Everything in the listing below must be set down again exactly, apart from the pictures.

GIVEN MATERIAL:
================
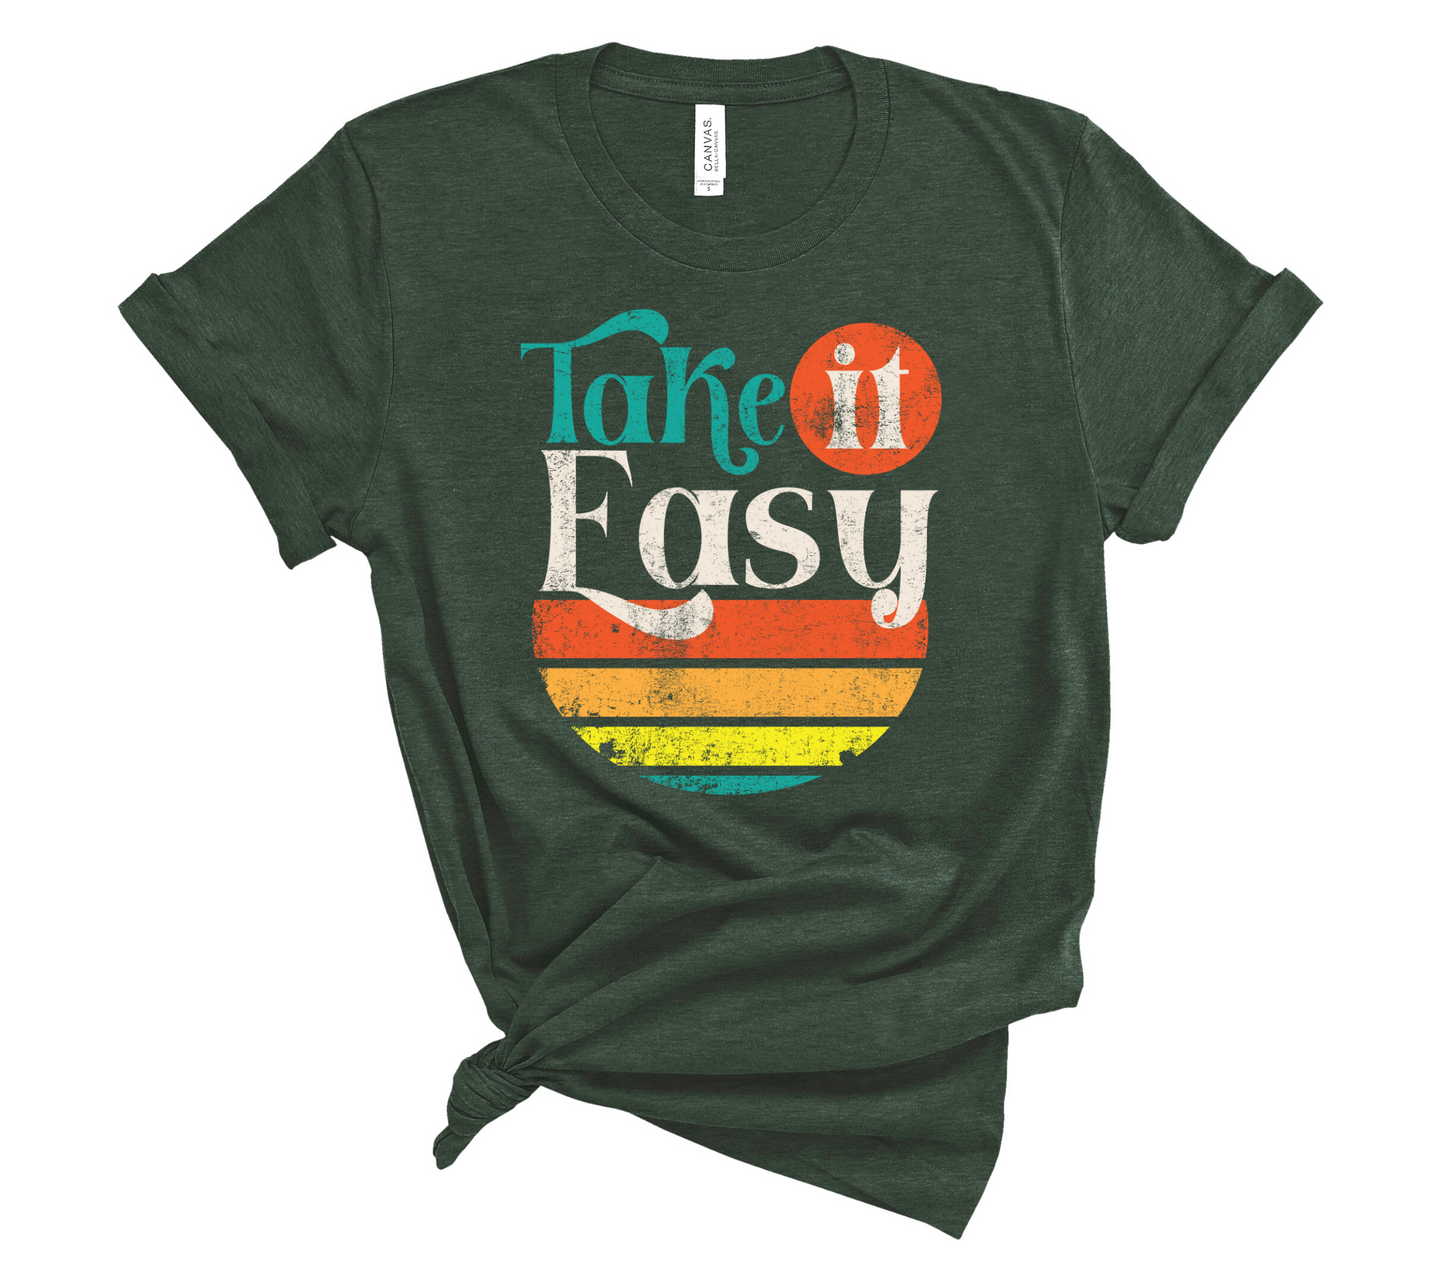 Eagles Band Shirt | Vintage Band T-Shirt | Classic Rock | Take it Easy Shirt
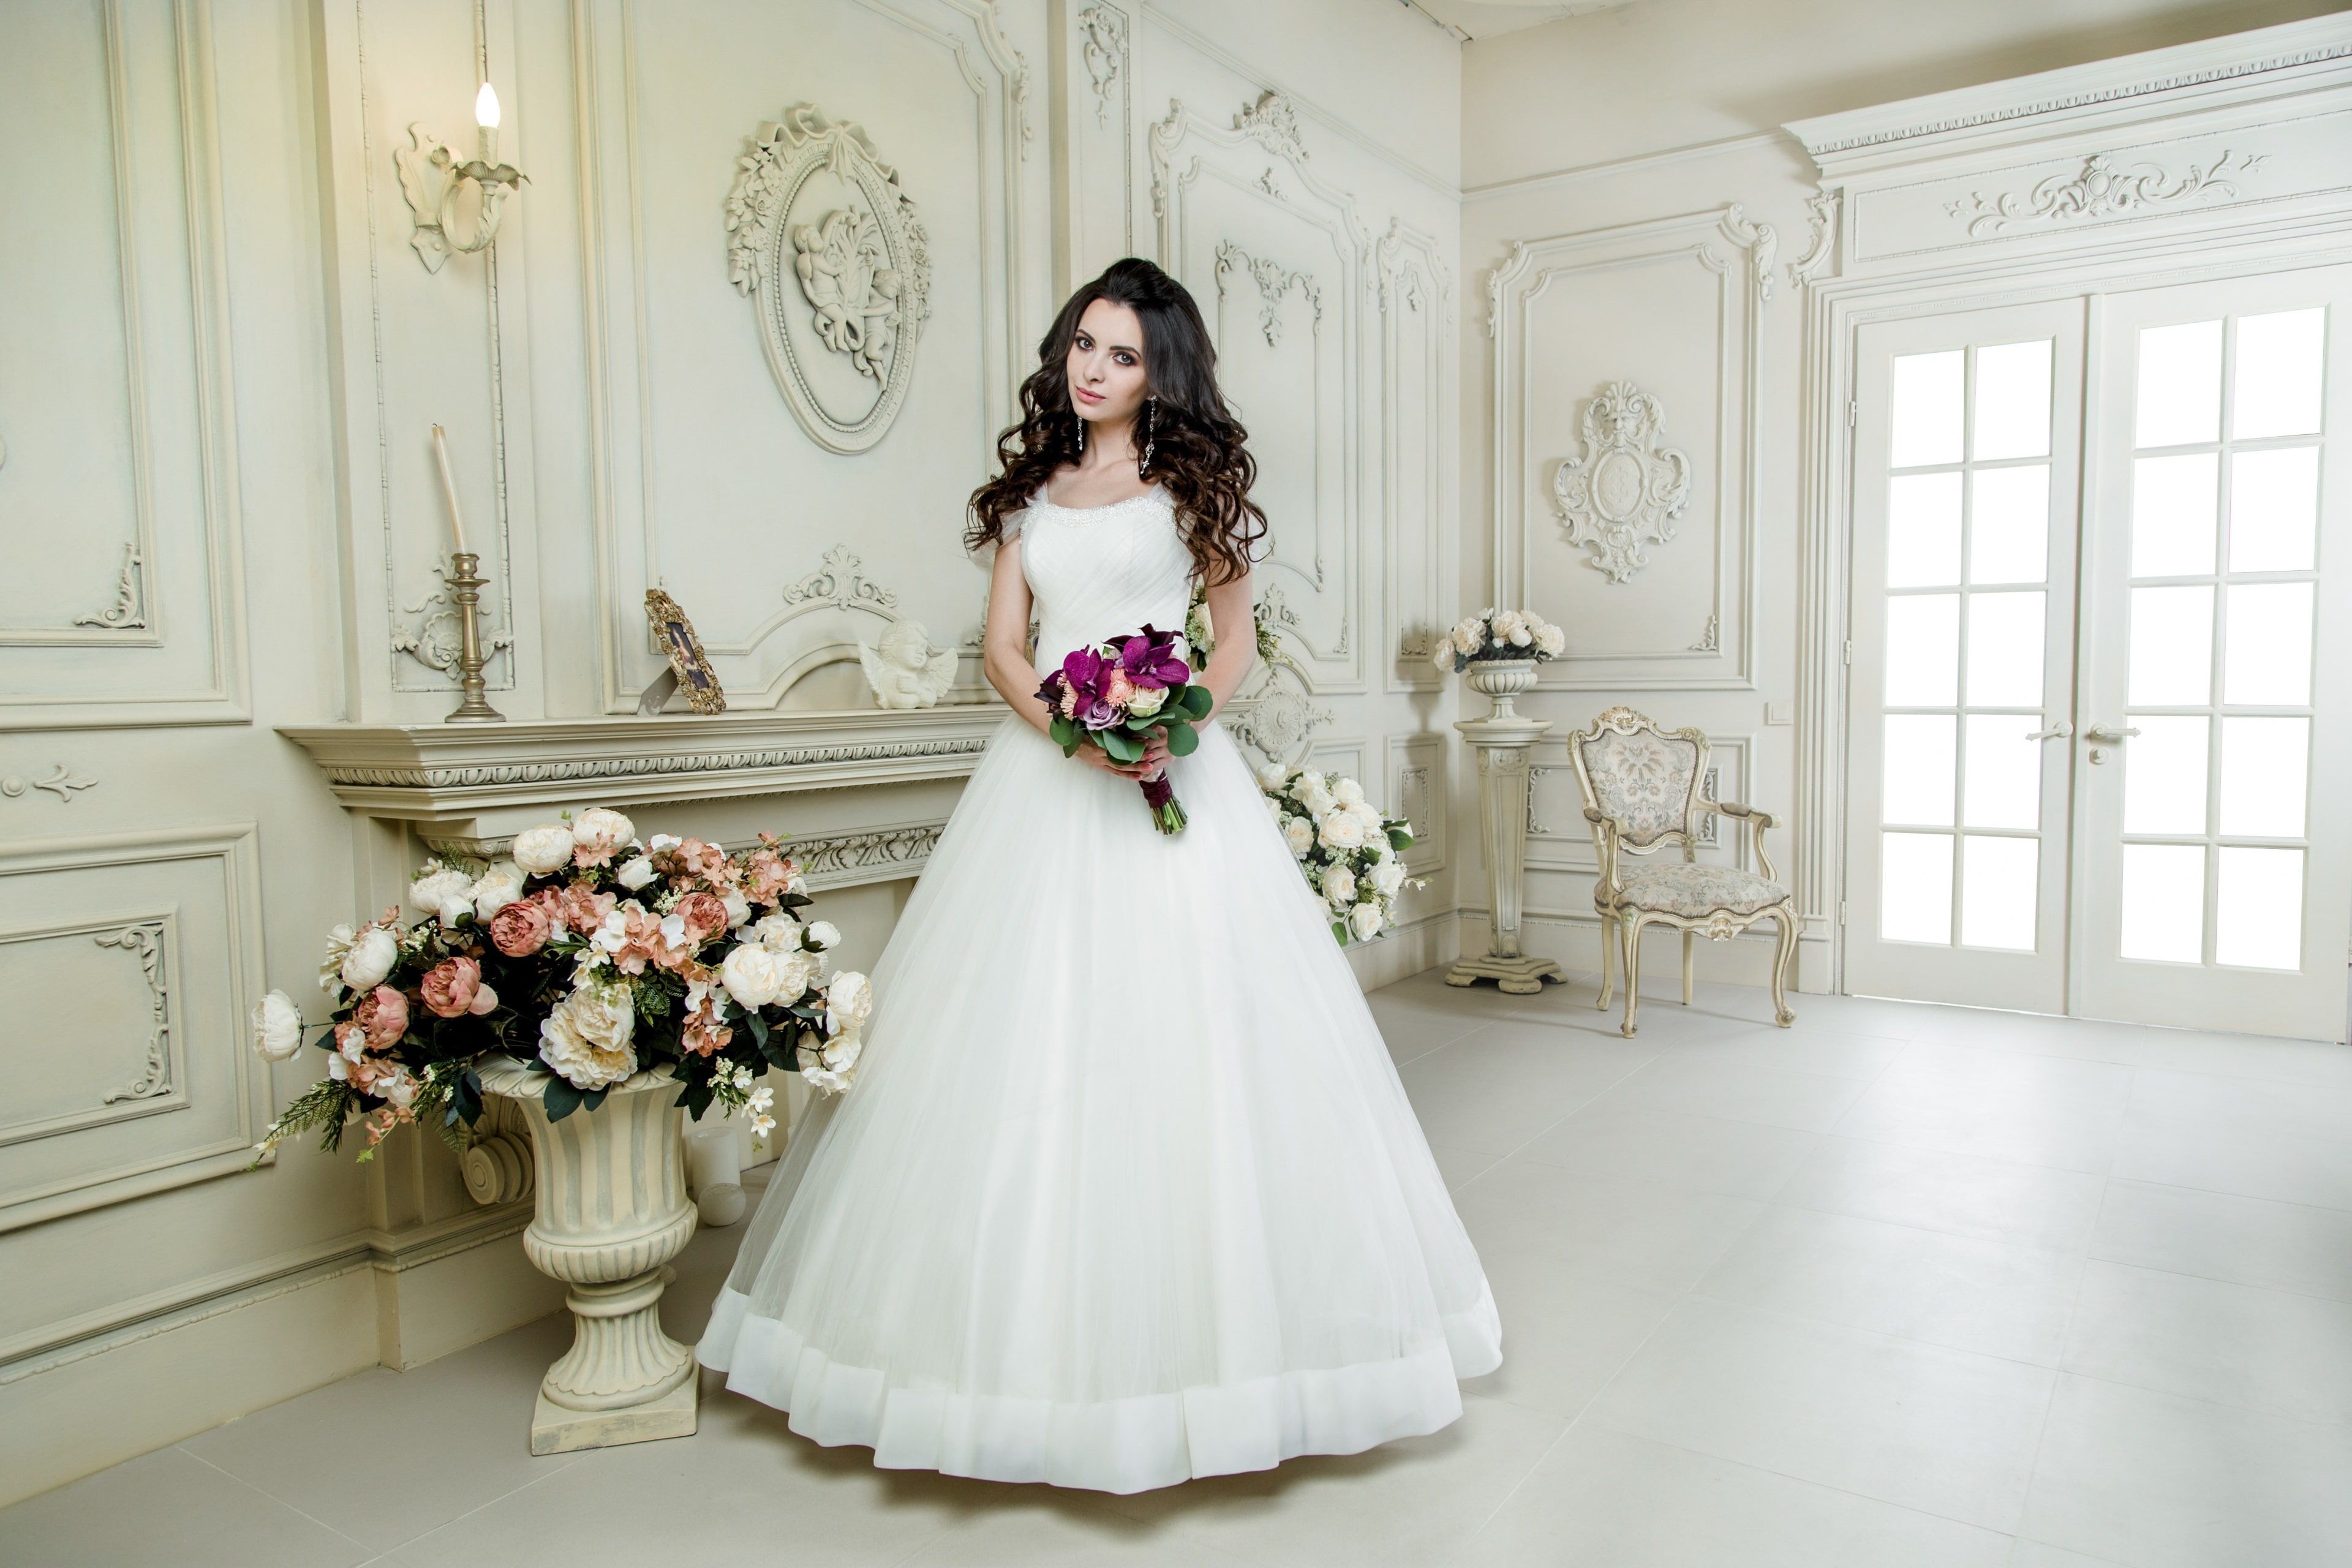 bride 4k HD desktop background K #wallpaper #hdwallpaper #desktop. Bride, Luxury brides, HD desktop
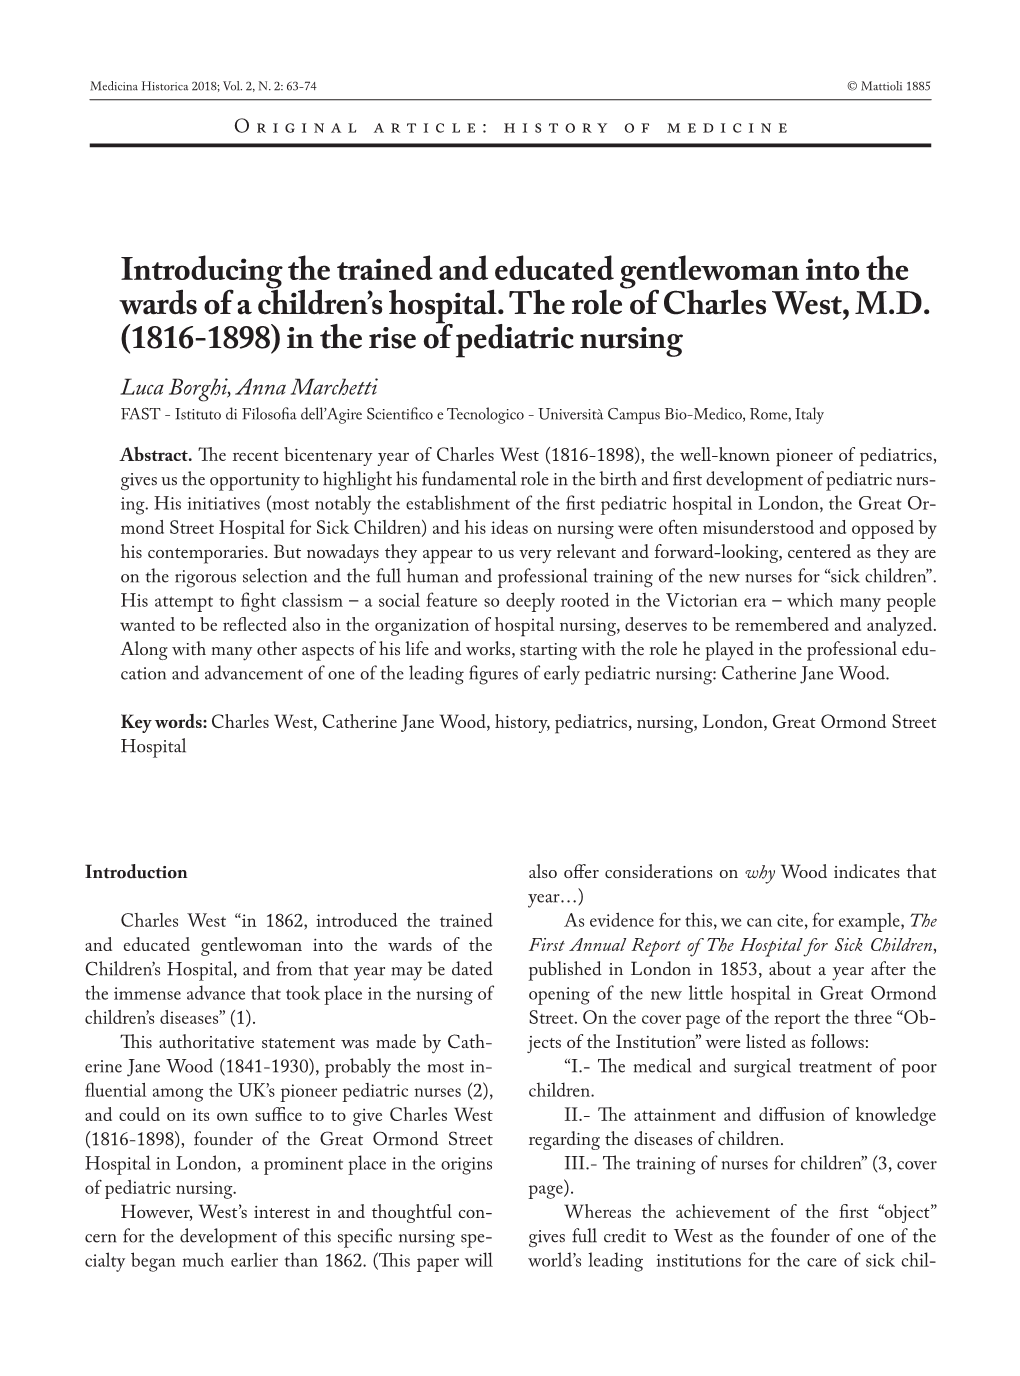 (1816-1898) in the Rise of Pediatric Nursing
================
RESPONSE TO THE EXERCISE:
 Eagles Band Shirt | Vintage Band T-Shirt | Classic Rock | Take it Easy Shirt
 bride 4k HD desktop background K #wallpaper #hdwallpaper #desktop. Bride, Luxury brides, HD desktop
 (1816-1898) in the Rise of Pediatric Nursing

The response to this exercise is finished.